Evaluate the derivatives of multi-dimensional Newton monomials evaluated on a query point from a look-up table of differentiated monomial terms.

The following symbols are used in the following as shortcuts:

m: spatial dimension
N: number of coefficients or the cardinality of the multi-index set
n_max: maximum exponent in all dimension

Parameters:

exponents (numpy.ndarray) – Set of exponents given as a two-dimensional non-negative integer array of shape (N, m).
lut_diff (numpy.ndarray) – A look-up table that consists of the one-dimensional differentiated Newton monomials evaluated on a single query point. The table is a two-dimensional array of shape (n_max, m).
derivative_order_along (numpy.ndarray) – Specification of the orders of derivative along each dimension given as a one-dimensional non-negative integer array of length m. For example, the array np.array([2, 3, 1]) specifies the 2nd-order, 3rd-order, and 1st-order derivatives along the 1st, 2nd, and 3rd dimension, respectively.
monomials_placeholder (numpy.ndarray) – The placeholder for all the differentiated monomials values evaluated at a single query point. The placeholder is a one-dimensional array of length N.

Notes

This function is compiled (NJIT-ted) with the help of Numba.

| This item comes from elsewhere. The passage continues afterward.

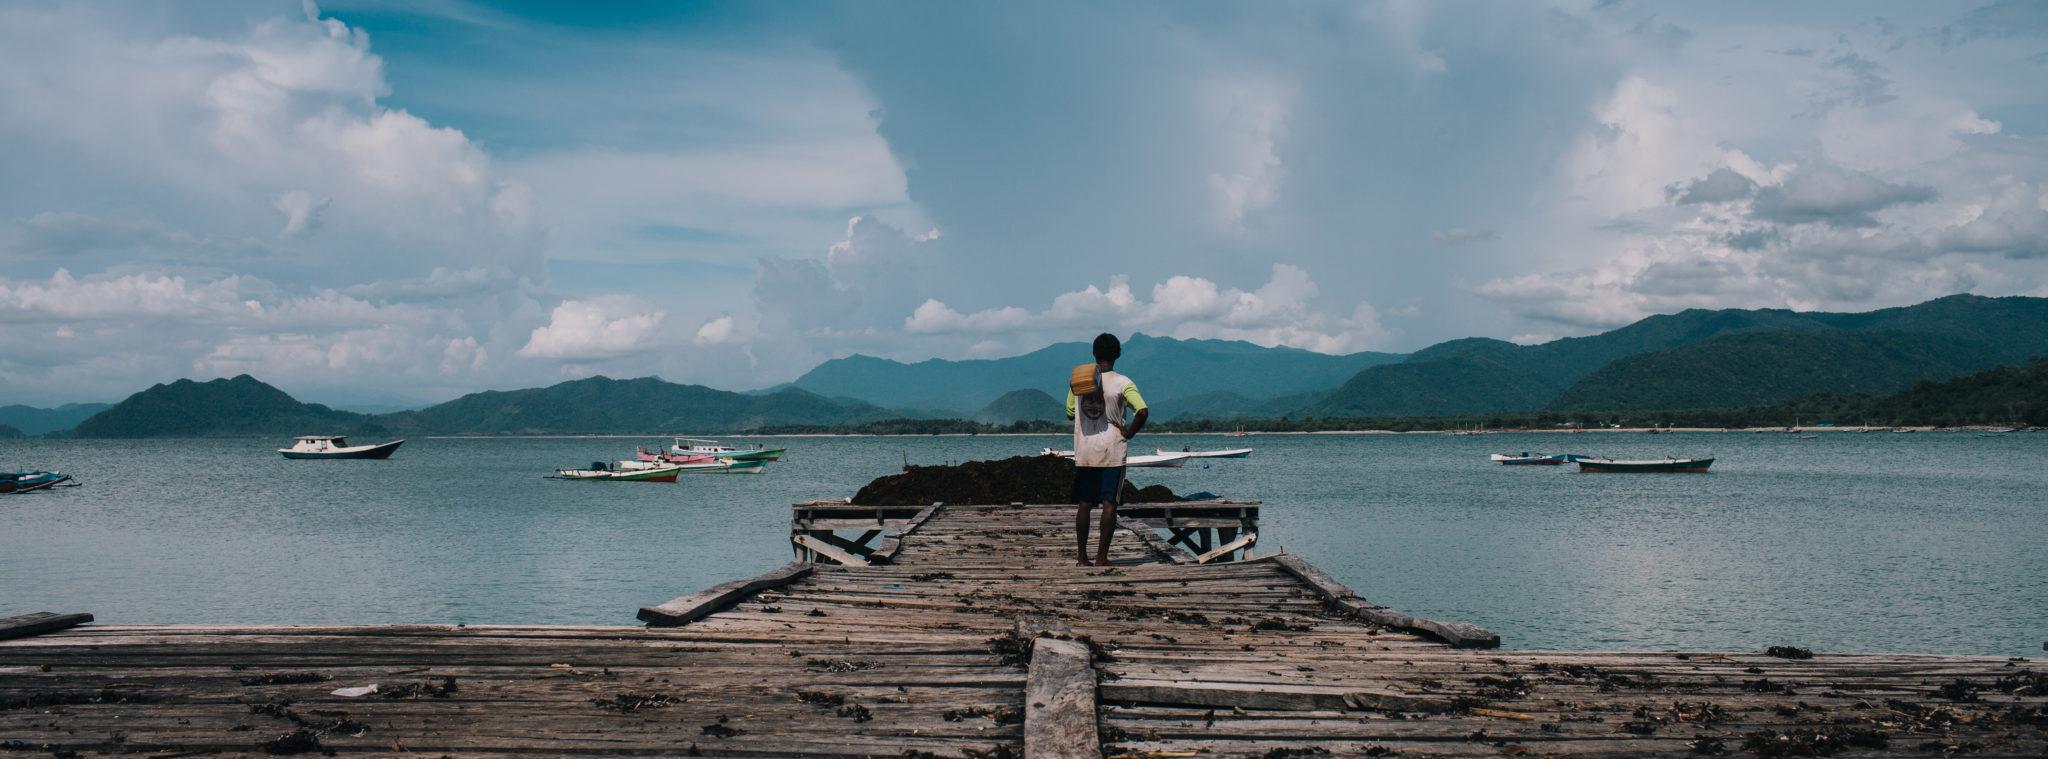 Sumbawa-Pier-Man-Slider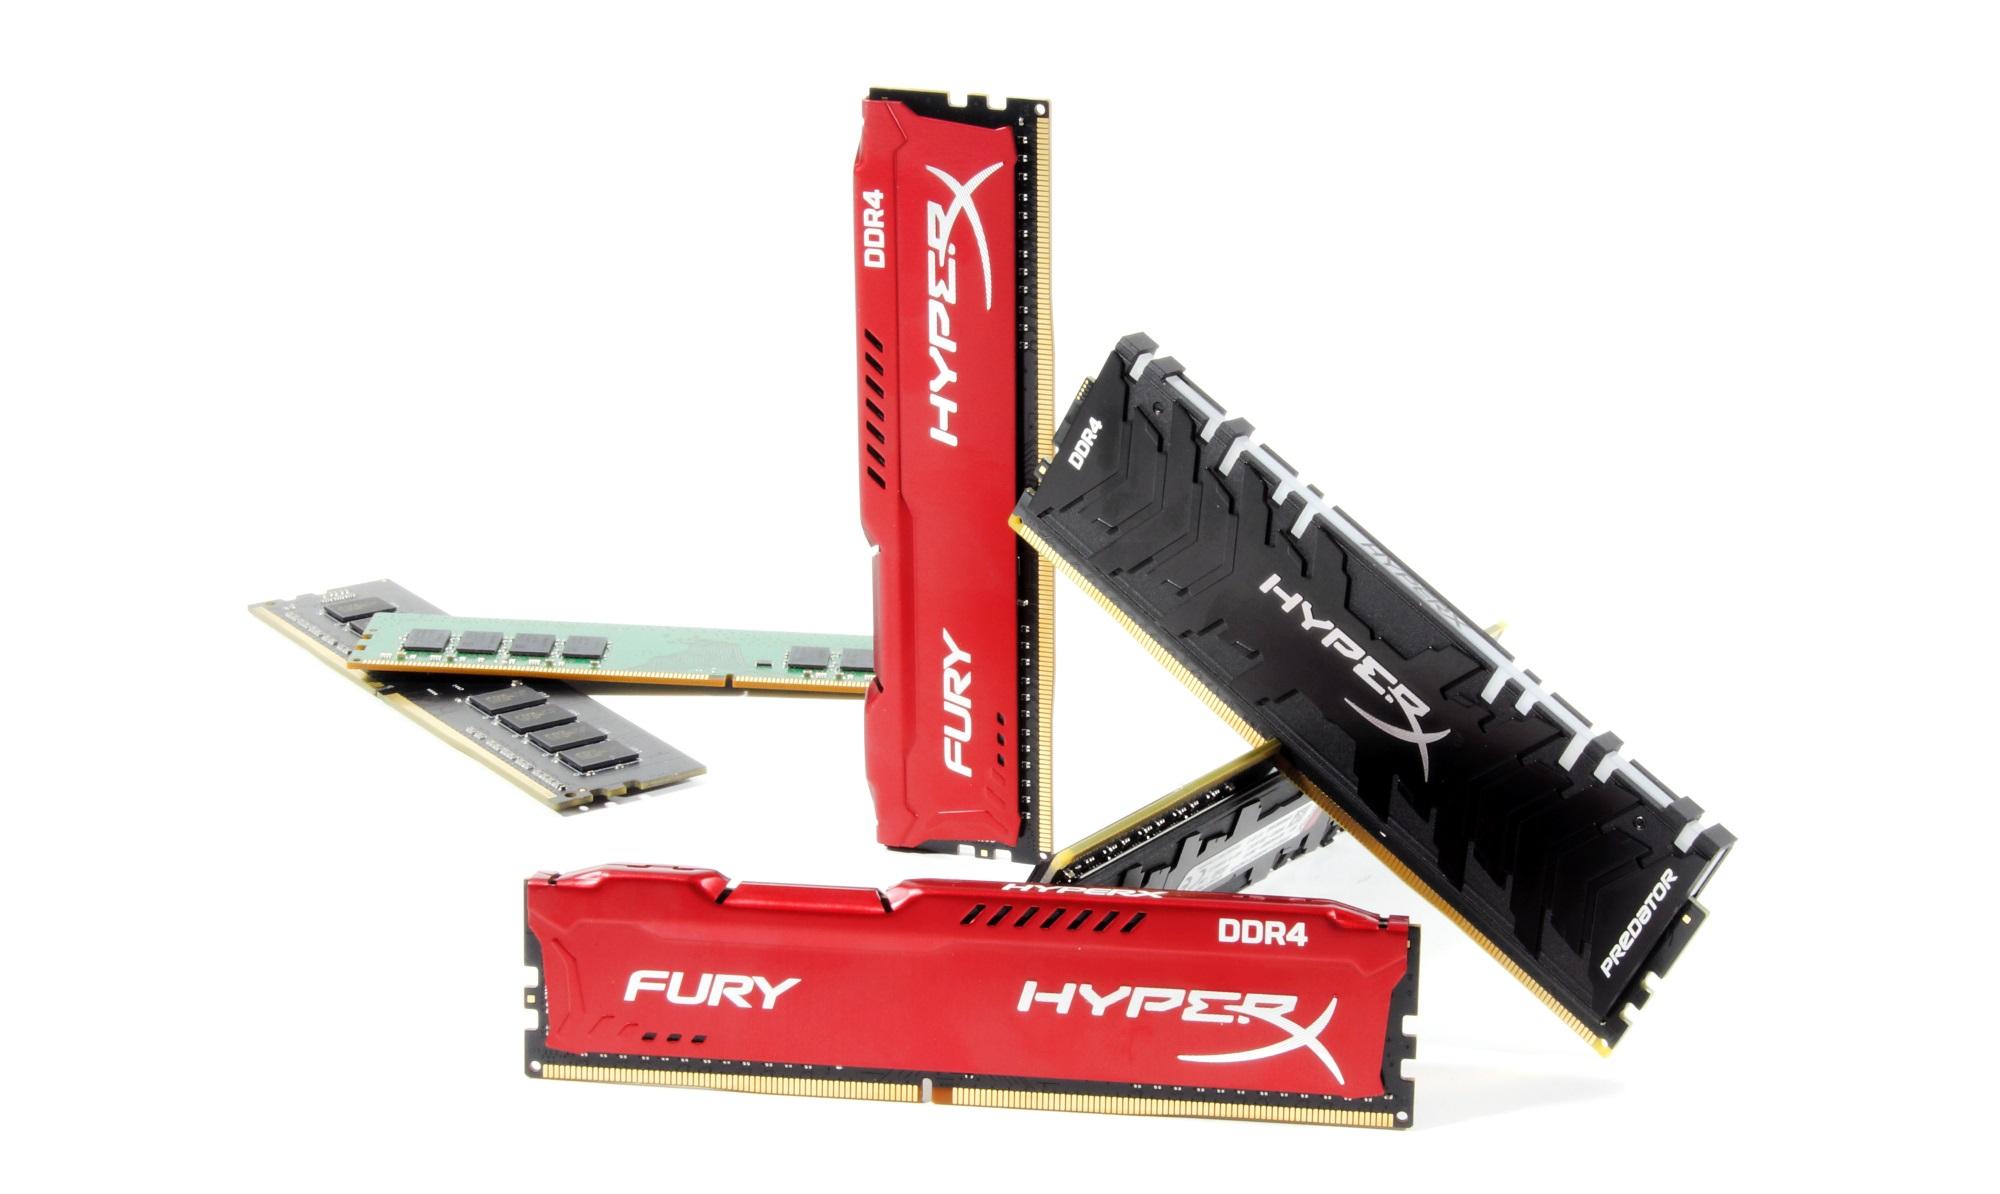 Скупой не платит дважды – настраиваем память на платформе AMD B450 и получаем бесплатную производительность - 2

minterpy.jit_compiled.newton.diff.eval_monomials_single_query(x, exponents, max_exponents, generating_points, derivative_order_along, products_placeholder, monomials_placeholder)[source]#

Evaluate the derivative of a Newton poly(s) on a single query point.

The following symbols are used in the subsequent description as shortcuts:

m: spatial dimension
n: polynomial degree
N: number of coefficients or the cardinality of the multi-index set
np: number of polynomials (i.e., number of coefficient sets)

Parameters:

x (numpy.ndarray) – A single query point at which the derivative is evaluated; the values are given in a one-dimensional array of length m.
exponents (numpy.ndarray) – Set of exponents given as a two-dimensional non-negative integer array of shape (N, m).
max_exponents (numpy.ndarray) – The maximum exponent values in each dimension as a one-dimensional array of length m; this is to avoid re-computation.
generating_points (numpy.ndarray) – Interpolation points for each dimension given as a two-dimensional array of shape (m, n + 1).
derivative_order_along (numpy.ndarray) – Specification of the orders of derivative along each dimension given as a one-dimensional non-negative integer array of length m. For example, the array np.array([2, 3, 1]) specifies the 2nd-order, 3rd-order, and 1st-order derivatives along the 1st, 2nd, and 3rd dimension, respectively.
products_placeholder (numpy.ndarray) – A placeholder for a look-up table containing differentiated Newton monomials per dimension; the differentiated monomials are products of difference terms.
monomials_placeholder (numpy.ndarray) – The differentiated Newton monomials evaluated on a single query point. The array is of shape N.

Returns:

The value of the derivative at the query point given as a one-dimensional array of length np.

Return type:

numpy.ndarray

Notes

This is a direct differentiation and evaluation of Newton monomials on a single query point via chain rule without any transformation to another (e.g., canonical) basis.
This function is compiled (NJIT-ted) with the help of Numba.

See also

minterpy.jit_compiled.newton.diff.eval_multiple_query: Evaluation of the derivative of polynomial(s) in the Newton basis for multiple query points.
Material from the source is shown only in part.